Return train/test splits using expanding window splitter.

Split time series repeatedly into an growing training set and a fixed-size test set. For example, given test_size = 3, n_splits = 5 and step_size = 1, the train os and test xs folds can be visualized as:

| o o o x x x - - - - |
| o o o o x x x - - - |
| o o o o o x x x - - |
| o o o o o o x x x - |
| o o o o o o o x x x |

Parameters:

Name Type Description Default
test_size int

Number of test samples for each split.

required
n_splits int

Number of splits.

5
step_size int

Step size between windows.

1
eager bool

If True return DataFrames. Otherwise, return LazyFrames.

False

Returns:

Name Type Description
splitter Callable[LazyFrame, Mapping[int, Tuple[LazyFrame, LazyFrame]]]

Function that takes a panel LazyFrame and Dict of (train, test) splits, where the key represents the split number (1,2,...,n_splits) and the value is a tuple of LazyFrames.

sliding_window_split(test_size, n_splits=5, step_size=1, window_size=10, eager=False)

Return train/test splits using sliding window splitter. Split time series repeatedly into a fixed-length training and test set. For example, given test_size = 3, n_splits = 5, step_size = 1 and window_size=5 the train os and test xs folds can be visualized as:

| o o o o o x x x - - - - |
| - o o o o o x x x - - - |
| - - o o o o o x x x - - |
| - - - o o o o o x x x - |
| - - - - o o o o o x x x |

Parameters:

Name Type Description Default
test_size int

Number of test samples for each split.

required
n_splits int

Number of splits.

5
step_size int

Step size between windows.

1
window_size int

Window size for training.

10
eager bool

If True return DataFrames. Otherwise, return LazyFrames.

False

Returns:

Name Type Description
splitter Callable[LazyFrame, Mapping[int, Tuple[LazyFrame, LazyFrame]]]

Function that takes a panel LazyFrame and Dict of (train, test) splits, where the key represents the split number (1,2,...,n_splits) and the value is a tuple of LazyFrames.

train_test_split(test_size=0.25, eager=False)
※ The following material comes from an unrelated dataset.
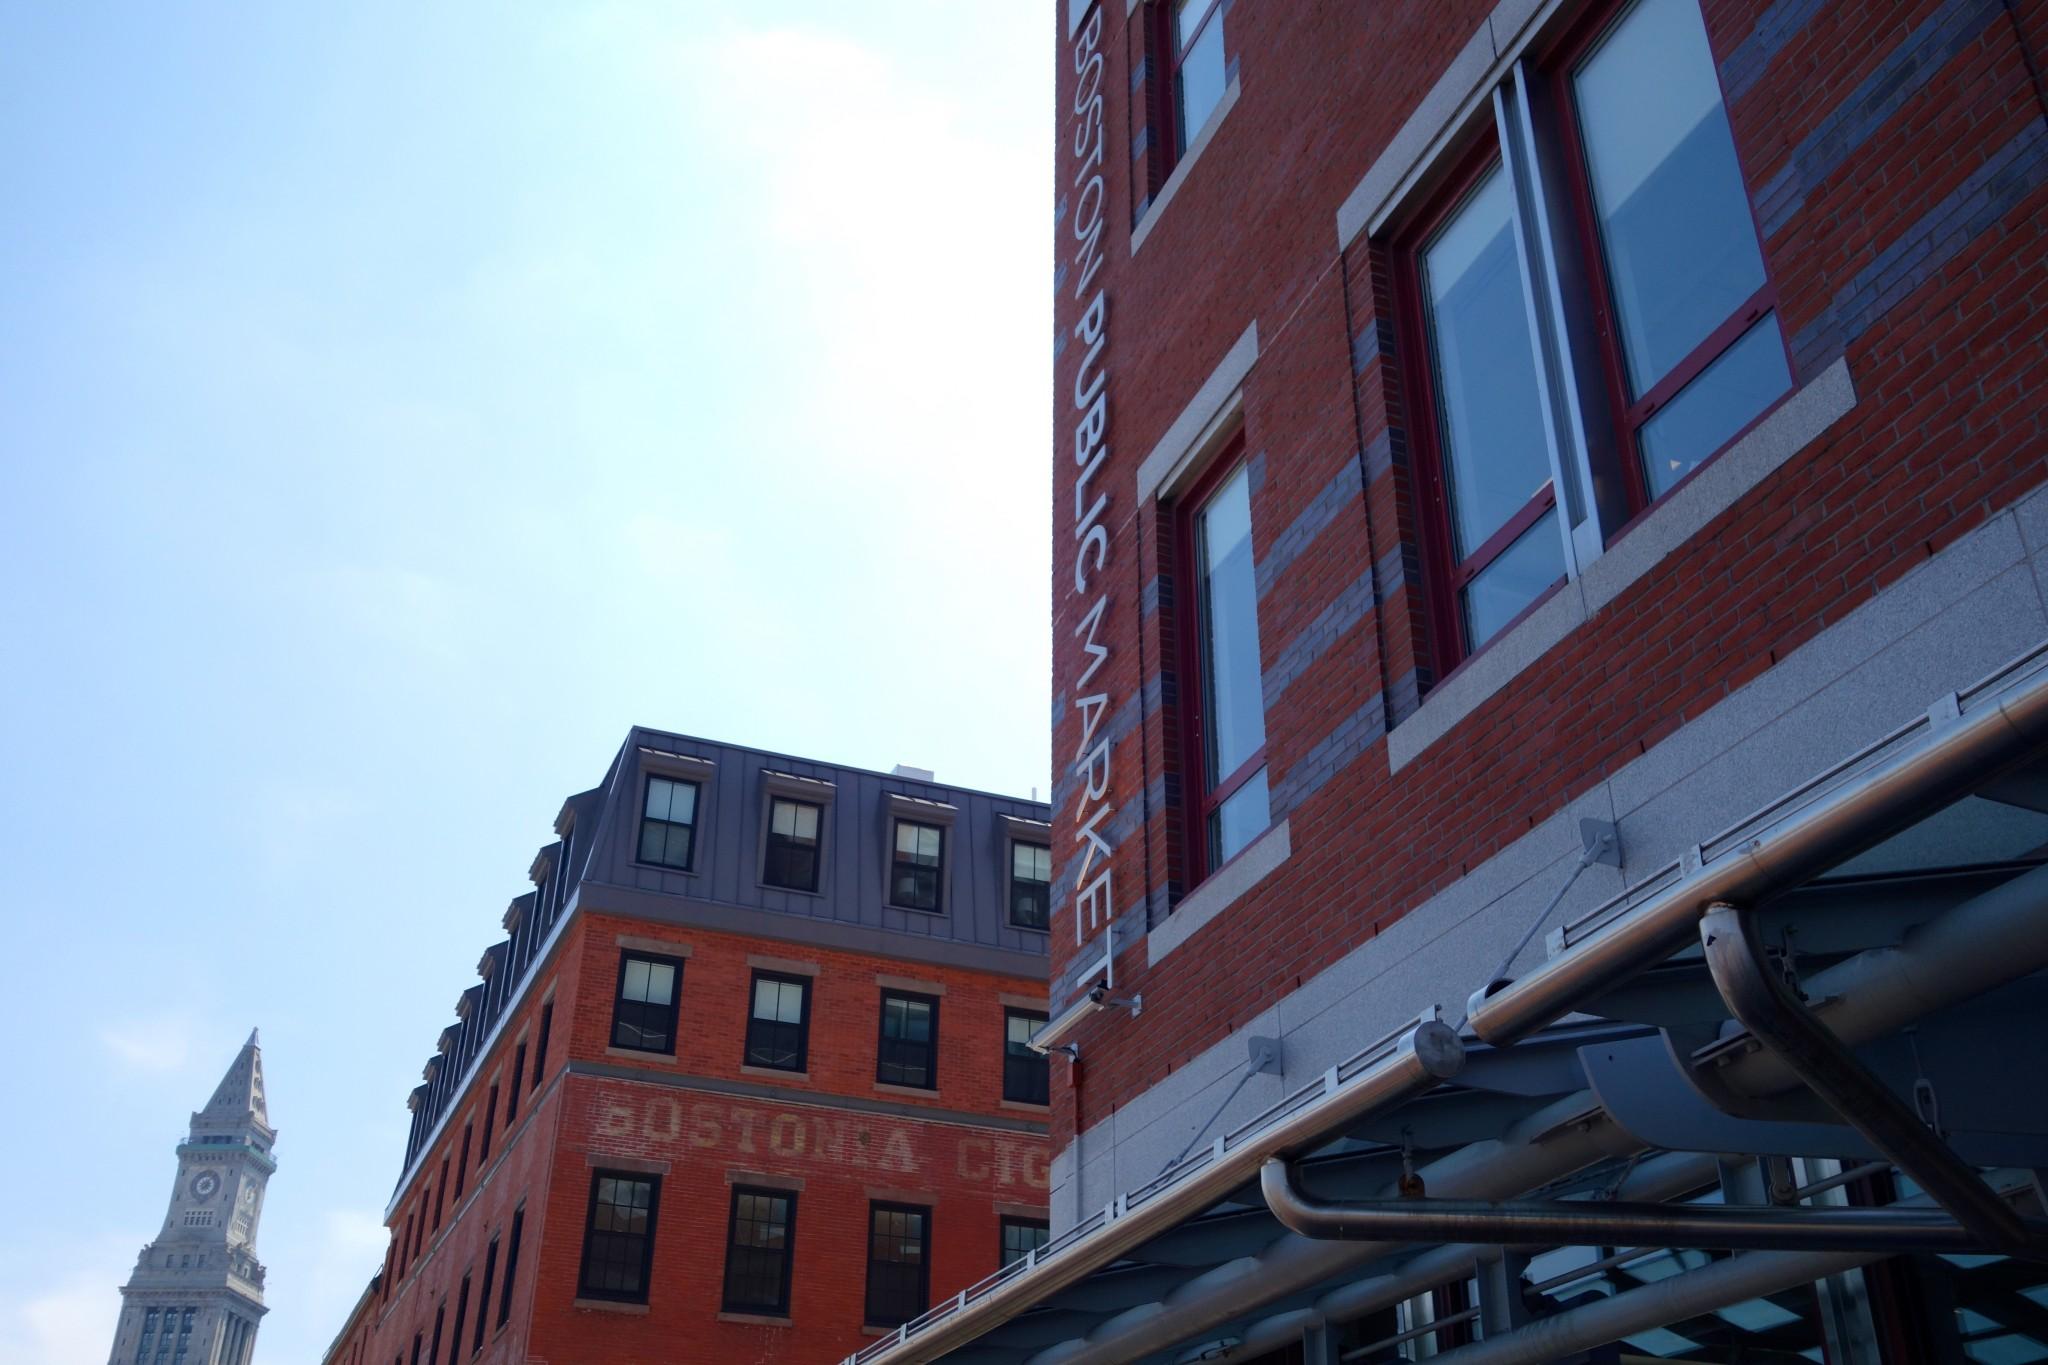 boston public market, the-alyst.com

train_test_split(test_size: Union[int, float] = ..., eager: Literal[True] = ...) -> Callable[[PolarsFrame], Tuple[pl.DataFrame, pl.DataFrame]]
train_test_split(test_size: Union[int, float] = ..., eager: Literal[False] = ...) -> Callable[[PolarsFrame], Tuple[pl.DataFrame, pl.DataFrame]]
train_test_split(test_size: Union[int, float] = ..., eager: bool = ...) -> Callable[[PolarsFrame], Union[Tuple[pl.DataFrame, pl.DataFrame], Tuple[pl.LazyFrame, pl.LazyFrame]]]

Return a time-ordered train set and test set given test_size.

Parameters:

Name Type Description Default
test_size int | float

Number or fraction of test samples.

0.25
eager bool

If True, evaluate immediately and returns tuple of train-test DataFrame.

False

Returns:

Name Type Description
splitter Union[EagerSplitter, LazySplitter]

Function that takes a panel DataFrame, or LazyFrame, and returns: * A tuple of train / test LazyFrames, if eager=False. * A tuple of train / test DataFrames, if eager=True.